Might be a bit "overboard" as my wife would say but what does she know....lol. Take russets, peel and quarter. Then COLD smoke them, and go about the normal way. Will boiling them take the smoke out ya think? I guess you could cold smoke them after you boil them but don't want them to dry out. Is my wife right?  Please tell me no, ha


----------



## so ms smoker

That's something I never tried. Do some of both and let us know how it comes out! Don't forget the q-view!

  Mike


----------



## chef jimmyj

Here is a Recipe from one of the Greatest Chefs in the country for Smoked Mashed Potatoes...JJ

http://www.nytimes.com/2004/04/28/d...&en=6738e0755d87ce23&ei=5007&partner=USERLAND


----------



## superdave

Is there a reason why a person couldn't make mashed potatoes and then brown the top in the smoker?


----------



## jirodriguez

I would almost just toss the whole taters on the smoker, cook them in the skins, cut in half spoon out the insides into a bowl, and mash with butter, cream, etc. Could even save the skins and melt some cheese, green onions, and bacon bits on them for snacks!


----------



## jp61

JIRodriguez said:


> I would almost just toss the whole taters on the smoker, cook them in the skins, cut in half spoon out the insides into a bowl, and mash with butter, cream, etc. Could even save the skins and melt some cheese, green onions, and bacon bits on them for snacks!


----------



## ekameleon

You could also simply cold smoke some butter, milk or cream and use it to do the mashes.


----------



## ibbones

SuperDave said:


> Is there a reason why a person couldn't make mashed potatoes and then brown the top in the smoker?

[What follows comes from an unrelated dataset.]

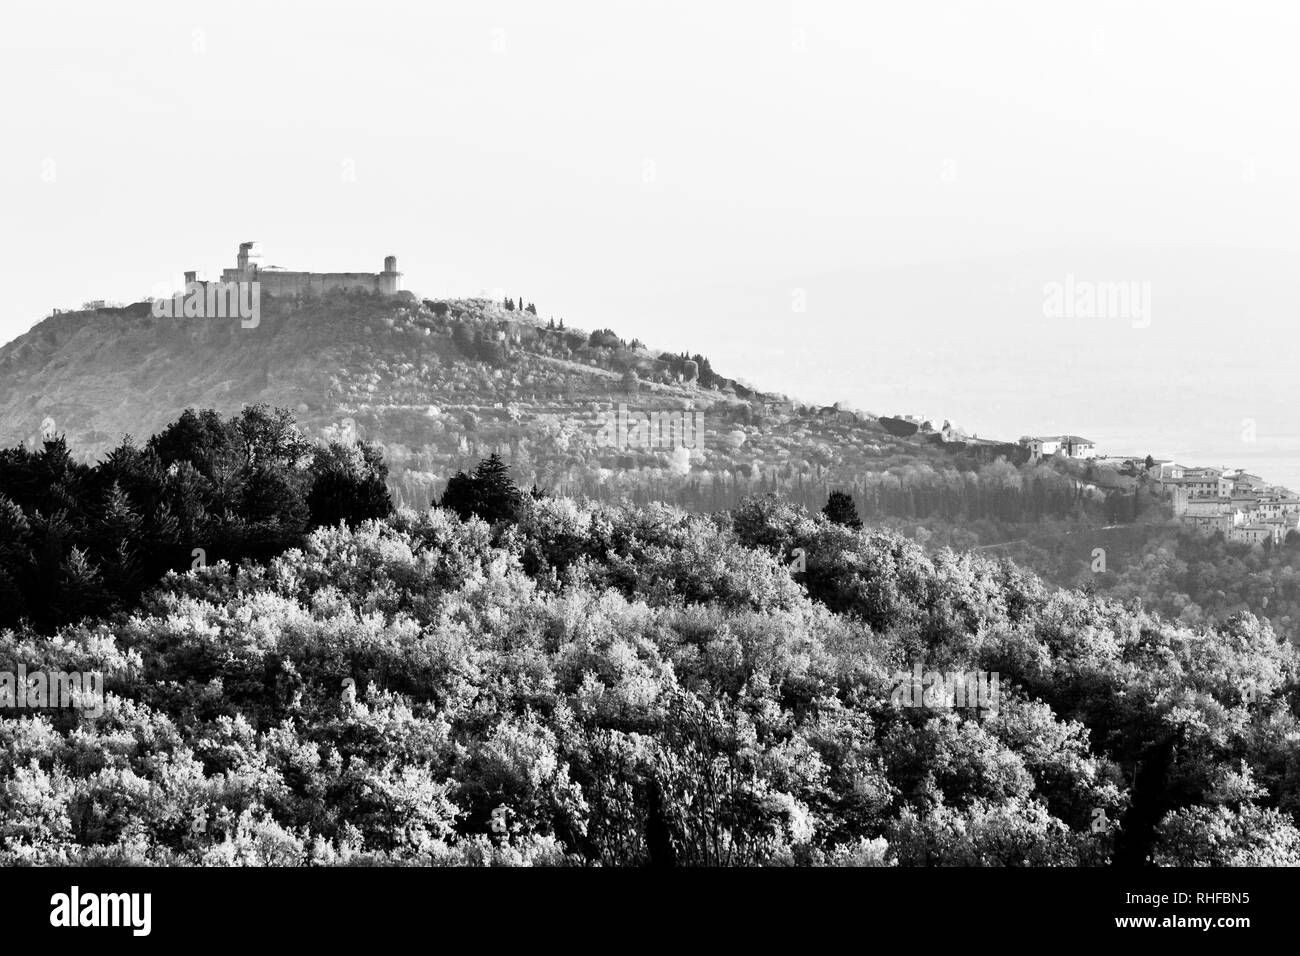 Belle vue sur la ville d'assise (Ombrie) et St.Francis chirch en automne à partir d'un lieu atypique, derrière une colline avec des arbres Banque D'Images
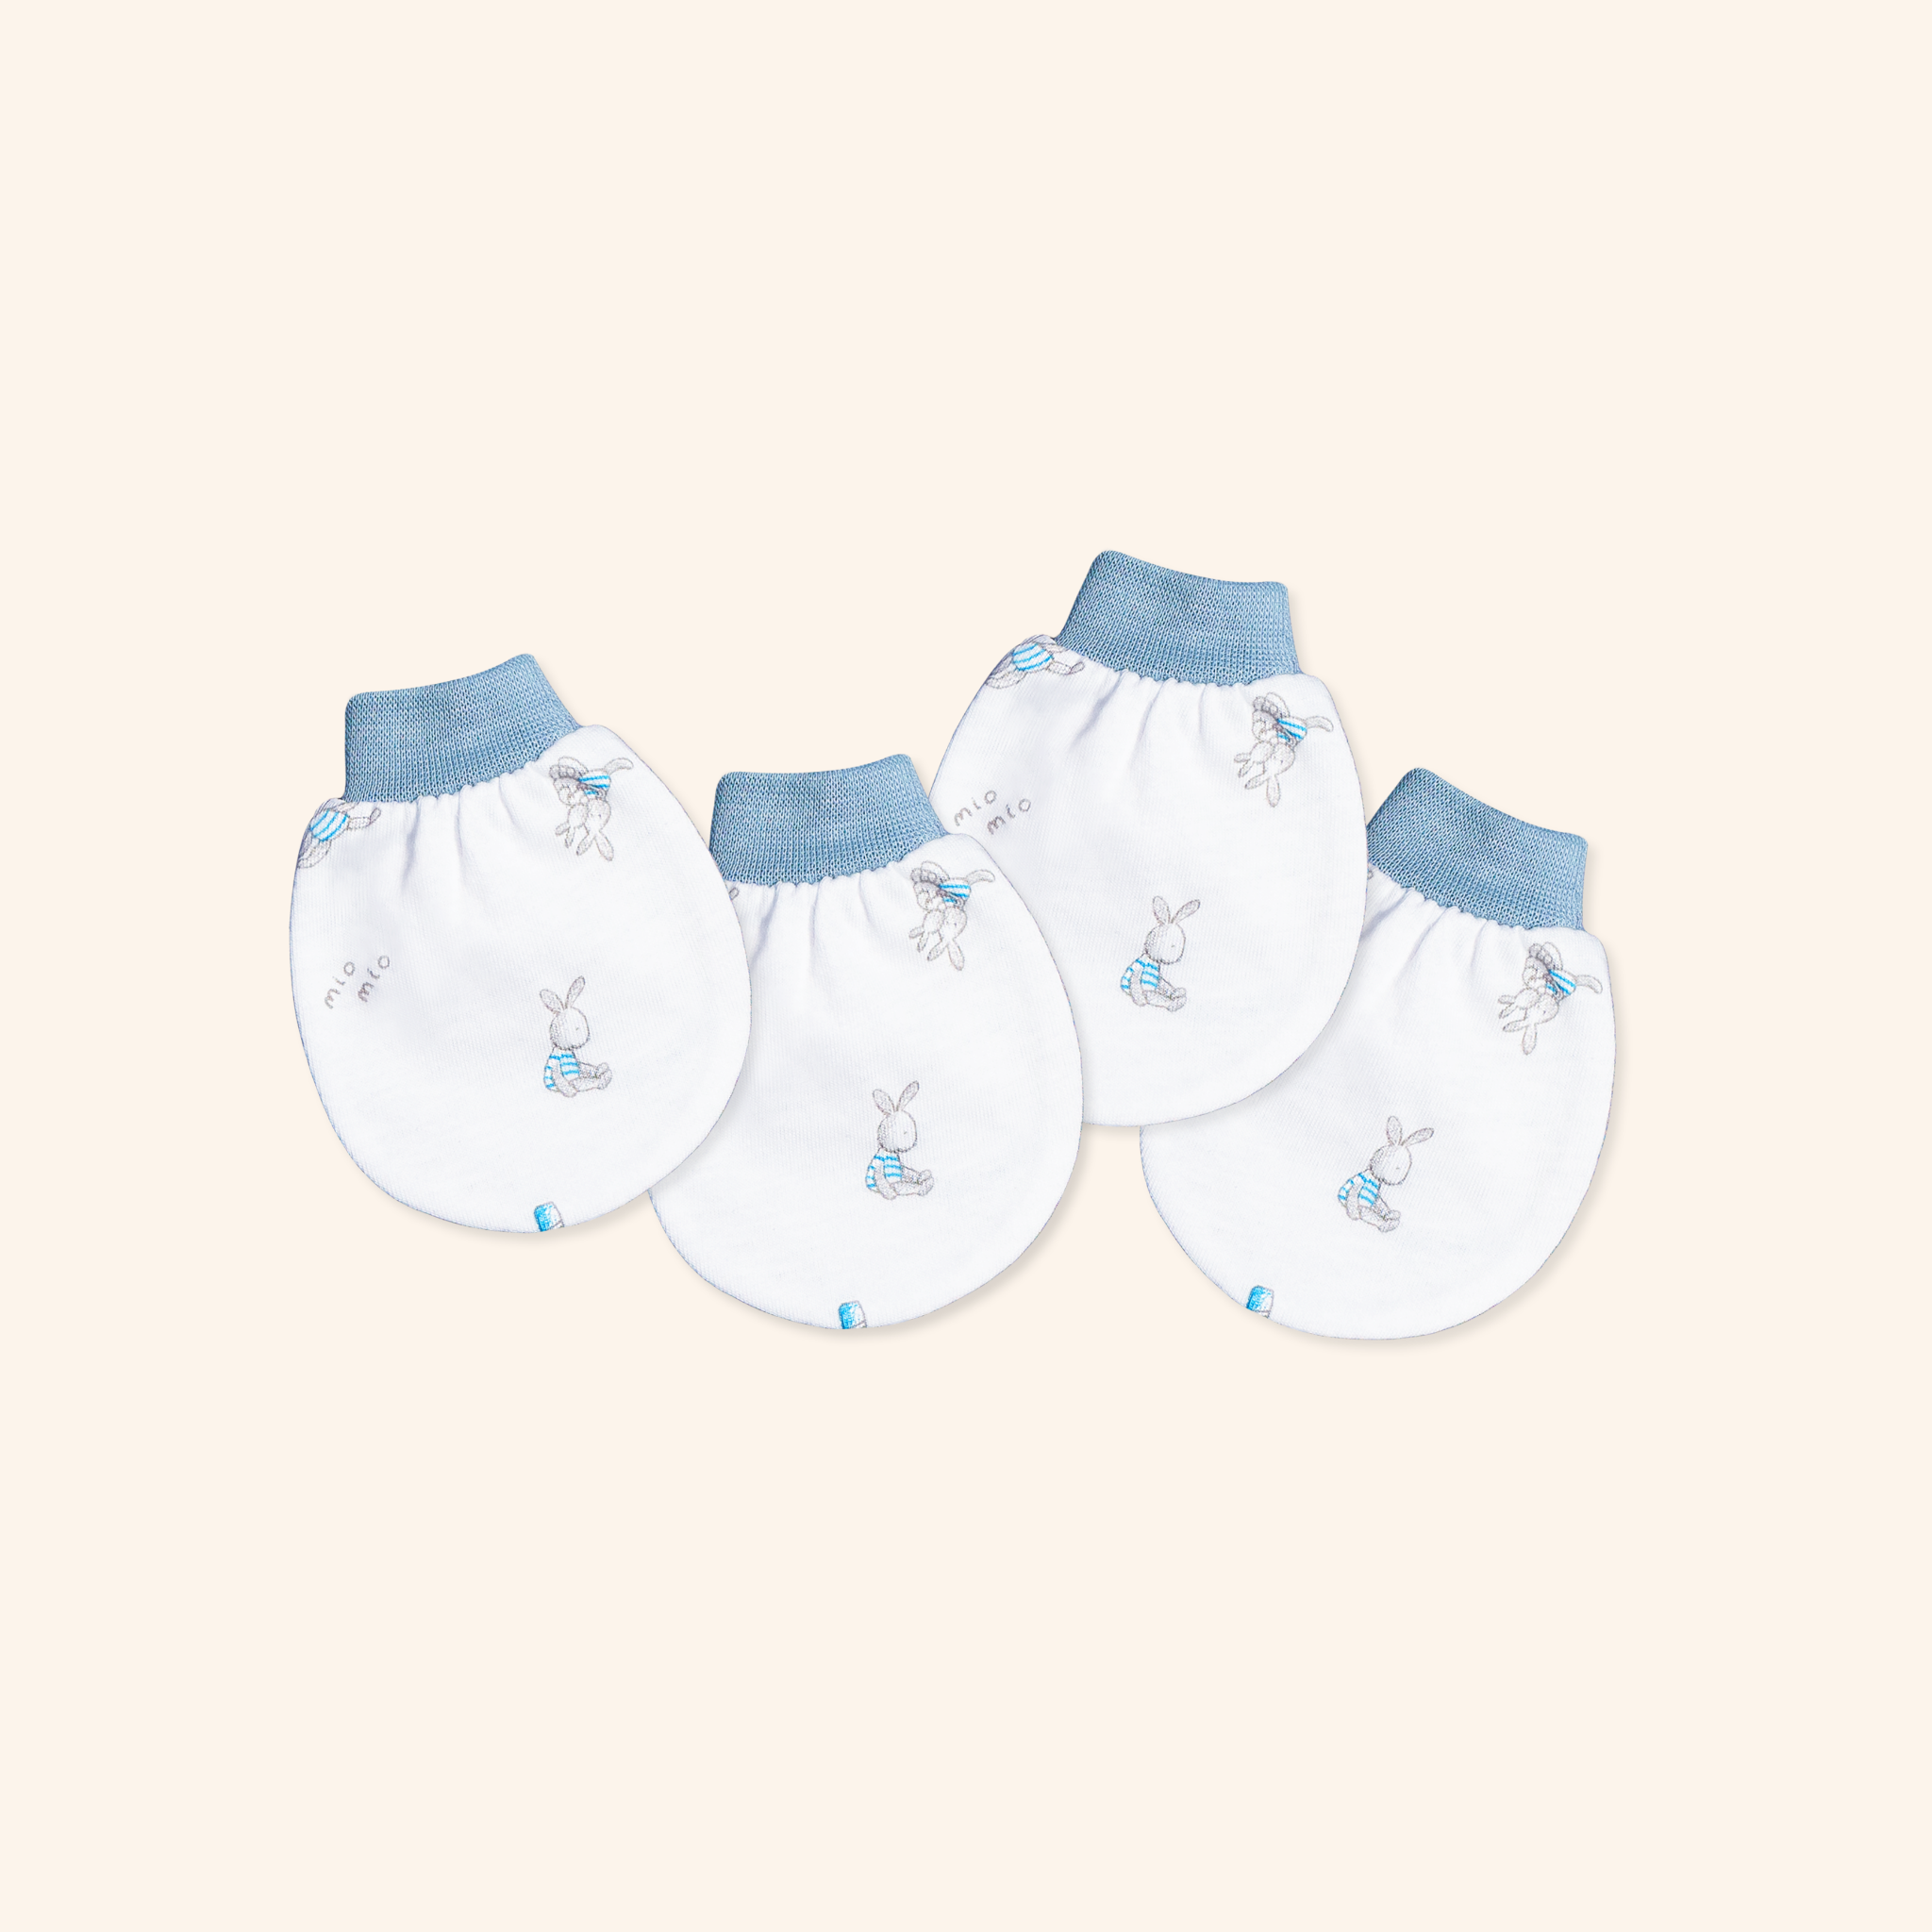 Set 2 đôi Bao tay bo thỏ xanh – Miomio – dành cho bé từ 0-24 tháng, chất lượng đảm bảo an toàn đến sức khỏe người sử dụng, cam kết hàng đúng mô tả

I've done that a few times.  Turned out pretty good.


----------



## 3montes

JIRodriguez said:


> I would almost just toss the whole taters on the smoker, cook them in the skins, cut in half spoon out the insides into a bowl, and mash with butter, cream, etc. Could even save the skins and melt some cheese, green onions, and bacon bits on them for snacks!


I have done this several times but always mashed the skins right in with the rest of it. They are awesome! Sometimes I add a couple tablespoons of the jar horseradish to the taters if serving with beef like brisket or prime rib

Grate lemon zest in if you are serving with poultry or fish.


----------